Sunday, May 28, 2006

Slugged with insight.

I went to H-E-B last night at 1:30 a.m. I needed to get tomatoes for a tuna salad I was making for lunch the next day (don't ask, I was just bored). An hour quickly passed in the circuitous lanes of H-E-B and I ended up leaving with a little more than just tomatoes. I think it was around eight bags or so of groceries.

Getting back to the house I remembered that I had to park on the neighbor's curb, because our house really doesn't have one (just a gutter opening) and because our lot is taken up by three cars already, all of which leave earlier than me in the morning.

Seeing as how it was 2:45 in the morning, I was determined to make it to the front door in one trip. I hate making second trips. I will fill every inch of space on my arm, even if it means cutting off my circulation or permanent bruising, just to make it in one trip. That's just the way I am. Something in me just prefers taking one-almost unbearable-huge load that lots of little bearable ones. I thought to myself, "Okay Becca, it's freakishly scary outside so you can do this. If you stack six bags on the right arm, and two on the left, that leaves your left hand free to open the door."

So as I started my little endeavor to the front door, everything that could go wrong went wrong. Just five steps from the car, the bag carrying the three-liter cokes broke. "Crap," I muffled to myself. I had to set all the bags down to scurry after the two three-liters I dropped, and in vain mind you, because I lost one to the gutter anyway. After restacking my arms appropriately I cut through the neighbor's lawn and into mine as a short cut to the door.

I was glad to see I was nearly to the stepping stones of my house, because the marsy lawn had wet the hems of my pants (I guess the neighbors sprinklers had gone off while I was at the store, because I didn't remember it raining). Upon taking the first stepping stone though, since the soles of my shoes were well lubricated by now, I lost my step somehow and slipped just enough to sprain my ankle. "Oh, brother! Come on!" Pain. Pain. Lots of pain. And the bags were really cutting into my skin at this point.

I plodded wearily the rest of the way. But one last thing was destined to piss-me-off, I could feel it. Probably due to a combination of frustration, pain, light-headedness, fatigued-arms, nervousness, anxiousness, and impatience...the frickin key would not go in right. I twisted. I turned. I pushed. I pulled. I forced. I swayed. I think I even prayed for God to open the blasted door. All the while, still holding all eight bags of groceries. The keys fell to the ground, but not before piercing my toes. I was about to throw the bags to the ground in my anger, when a slimy trail, where the keys had fallen by my toes, caught my eye.
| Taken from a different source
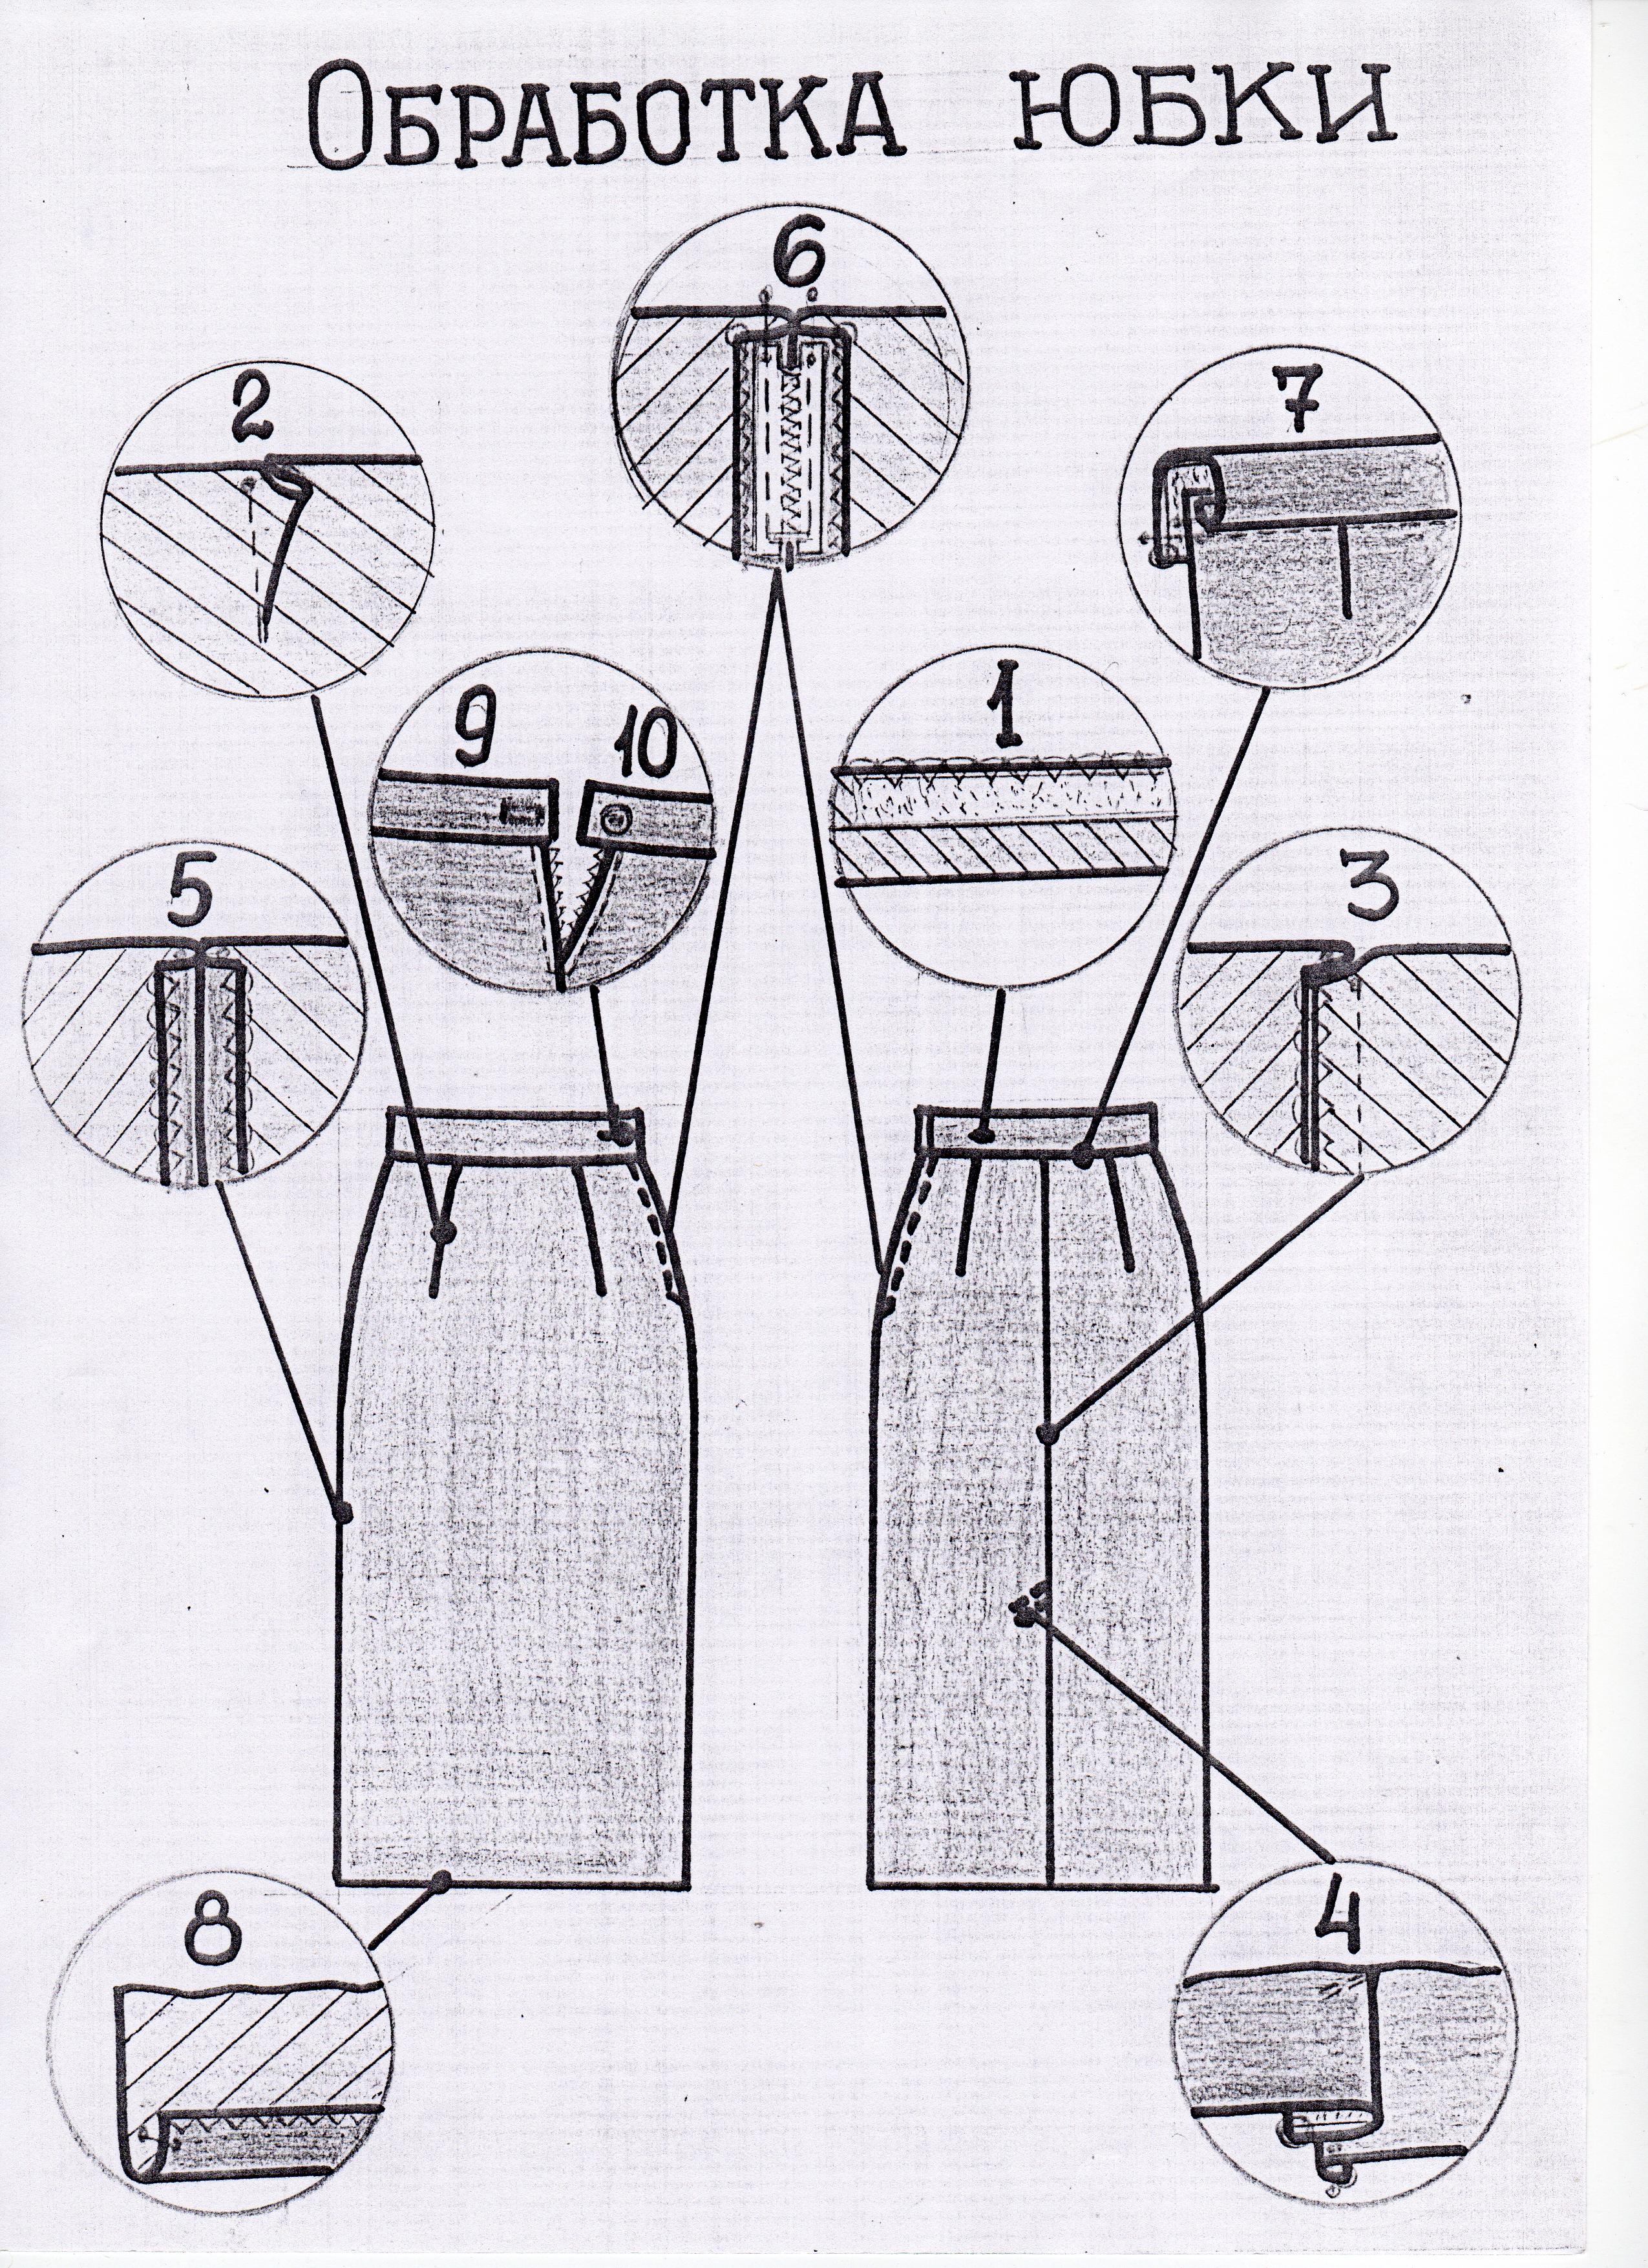 Костюм представляющий собой соединение верхней части одежды. Схема технологической последовательности пошива юбки. Технологическая карта обработки юбки. Технологические схемы обработки юбки. Схемы обработки швейных узлов.

I followed the mucus-based trail with my eyes just a few inches behind me where they subsequently met with an enormous slug. It's rudimentary shell was in desperate need of upgrading. It looked more like a pimple against the amoeboid-body-like mass. And I most certainly would have smashed it had I thrown down the heavy grocery bags. It looked like it was having enough trouble on it's own without me smashing it to smithereens.
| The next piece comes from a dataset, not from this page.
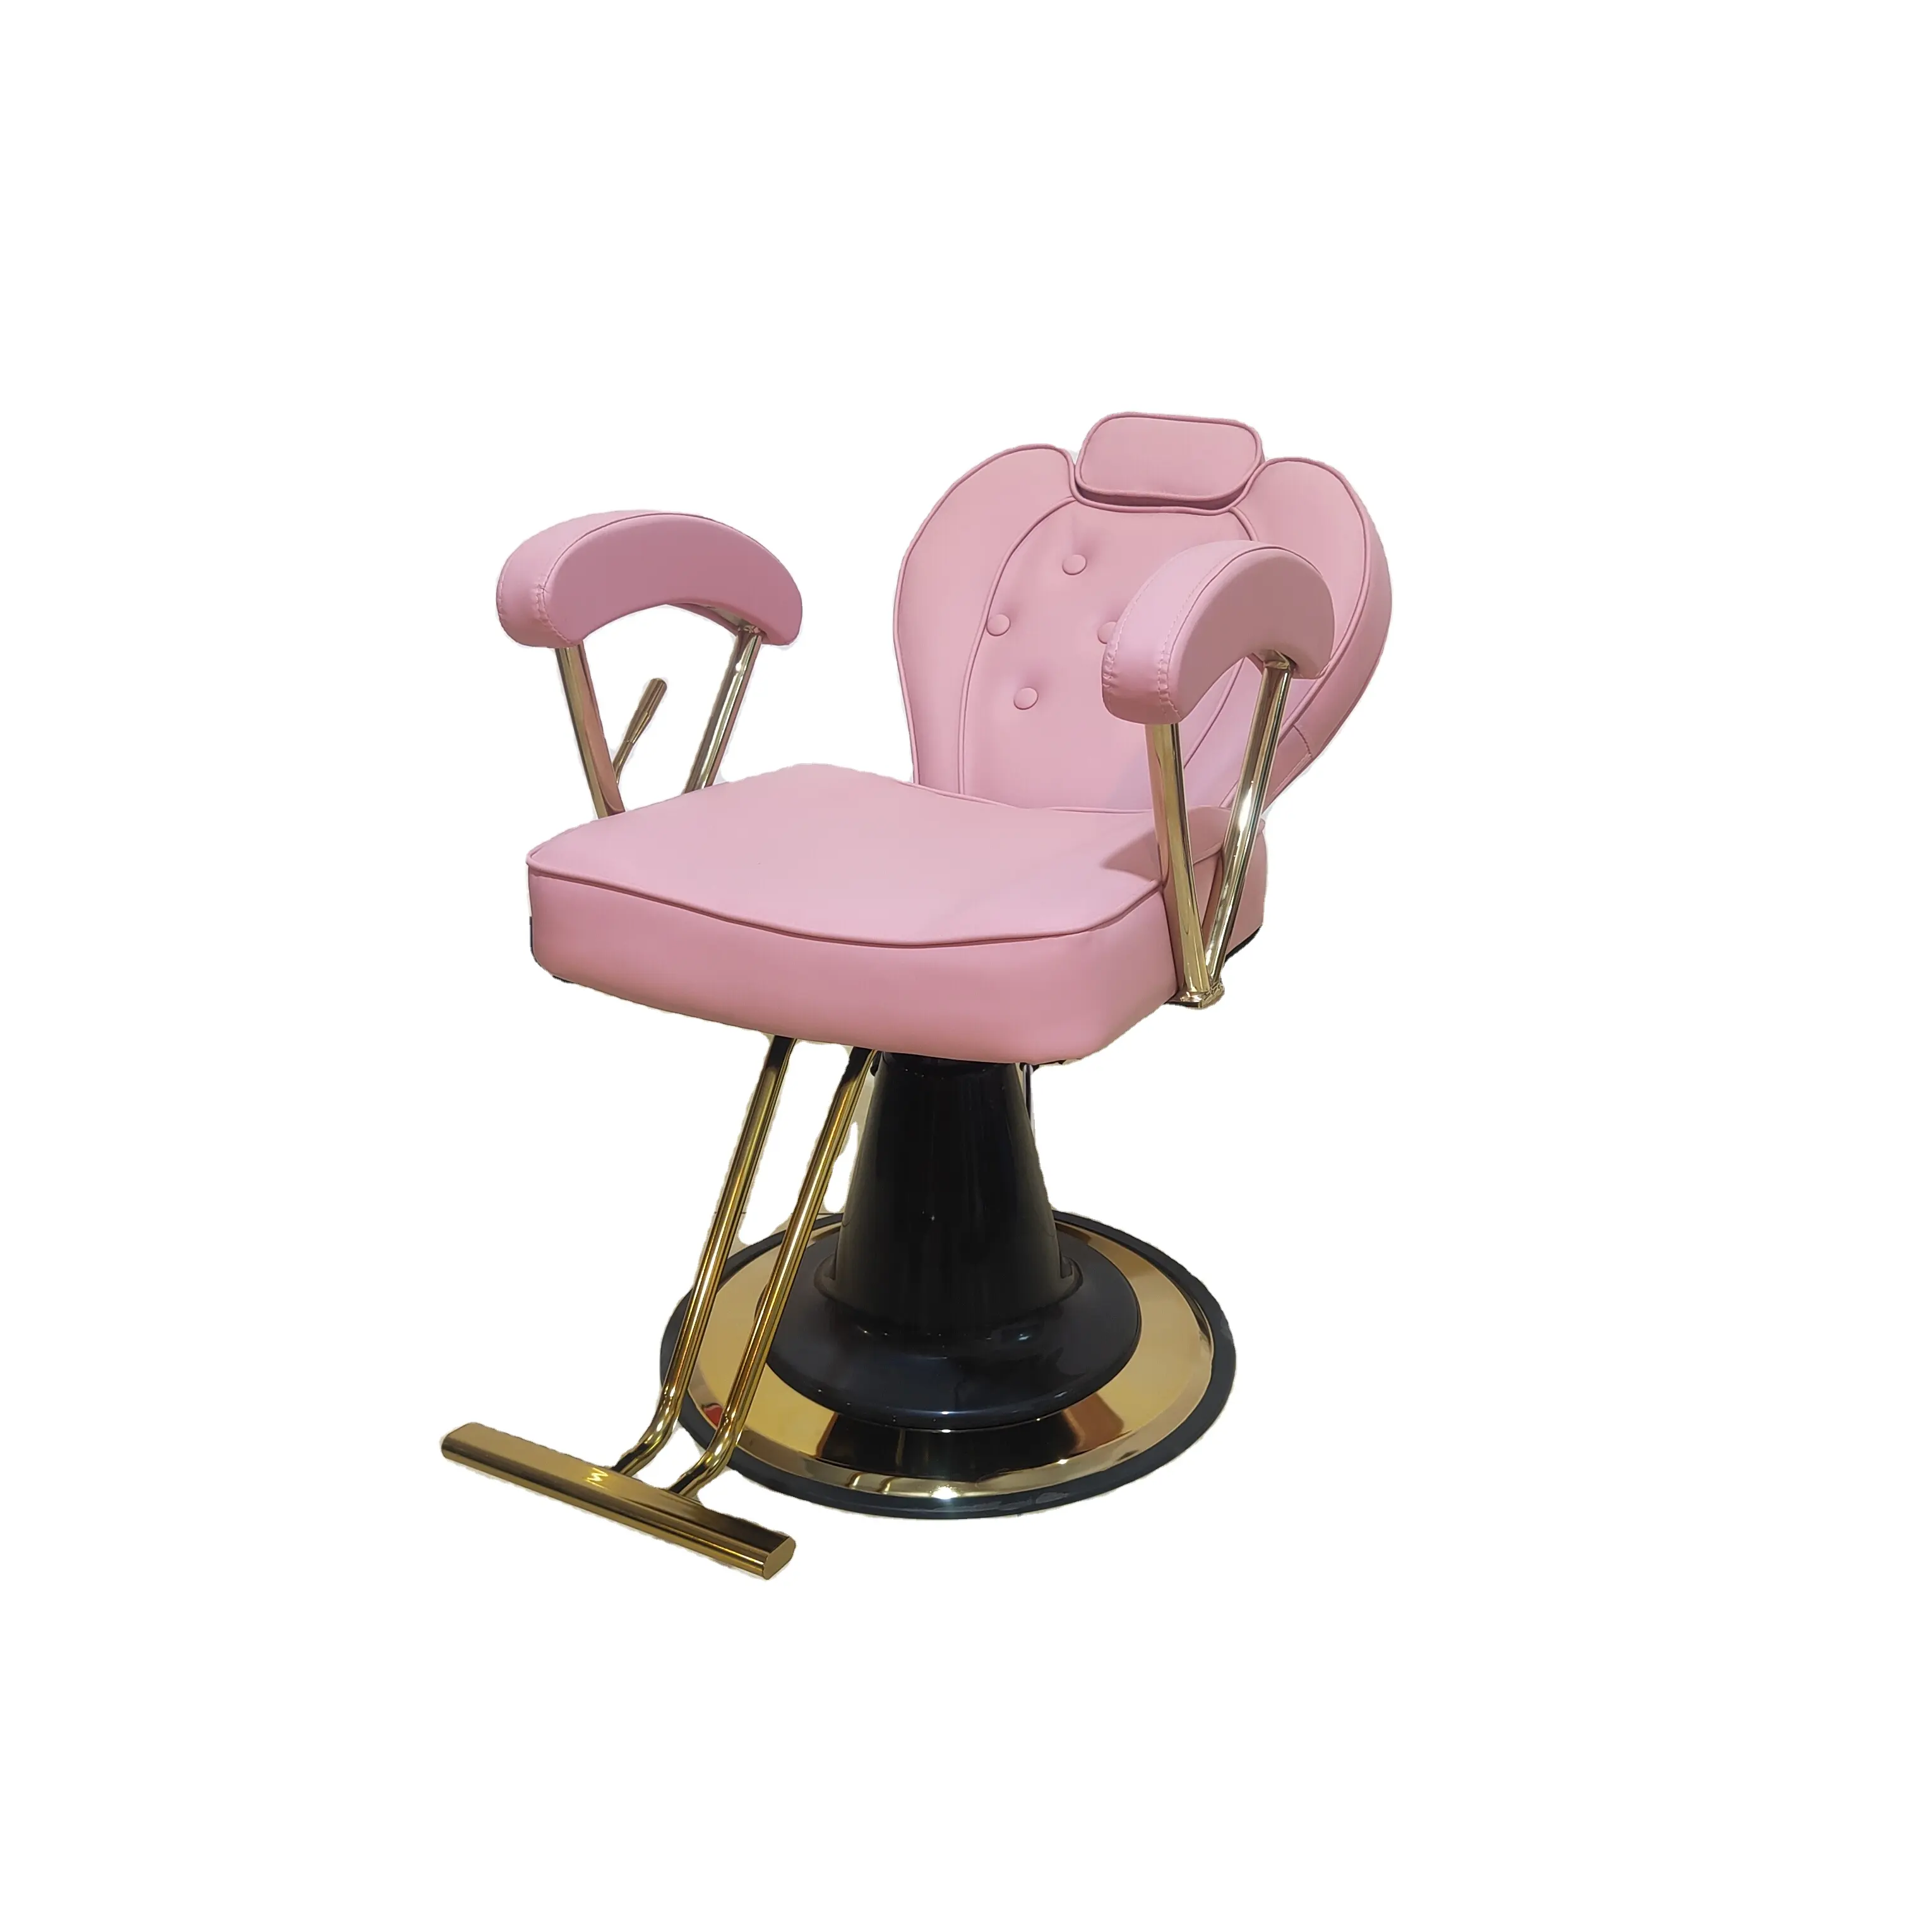 Silla de peluquero giratoria de cuero rosa de alta calidad, sillón reclinable multiusos con Base redonda dorada para Estilismo de peluquería

Although the slimy trail was a few inches behind me when I spotted it, the origin was far off the porch out of sight. The slug seemed to be crawling away as fast as it could from some super-ants following close behind it. The ants were picking up speed, but the only thing the slug was picking up was dirt grains. A sense of compassion came over me like nothing I've ever felt. I picked it up, hastily flicking at an ant that had already started feasting on it, and moved it to where I thought was safe. The super-ants from behind just scattered, as though disoriented and perplexed.

I finished the tuna salad and put away the groceries, never devoting a single thought to the obstacles on my way to the front door, only thinking about the slug...wondering if it were still safe. There's no point to the story, other than coming to the realization that I liked saving the slug. And how a simple quest to complete a tuna salad could lead to such insight. I slept well that night.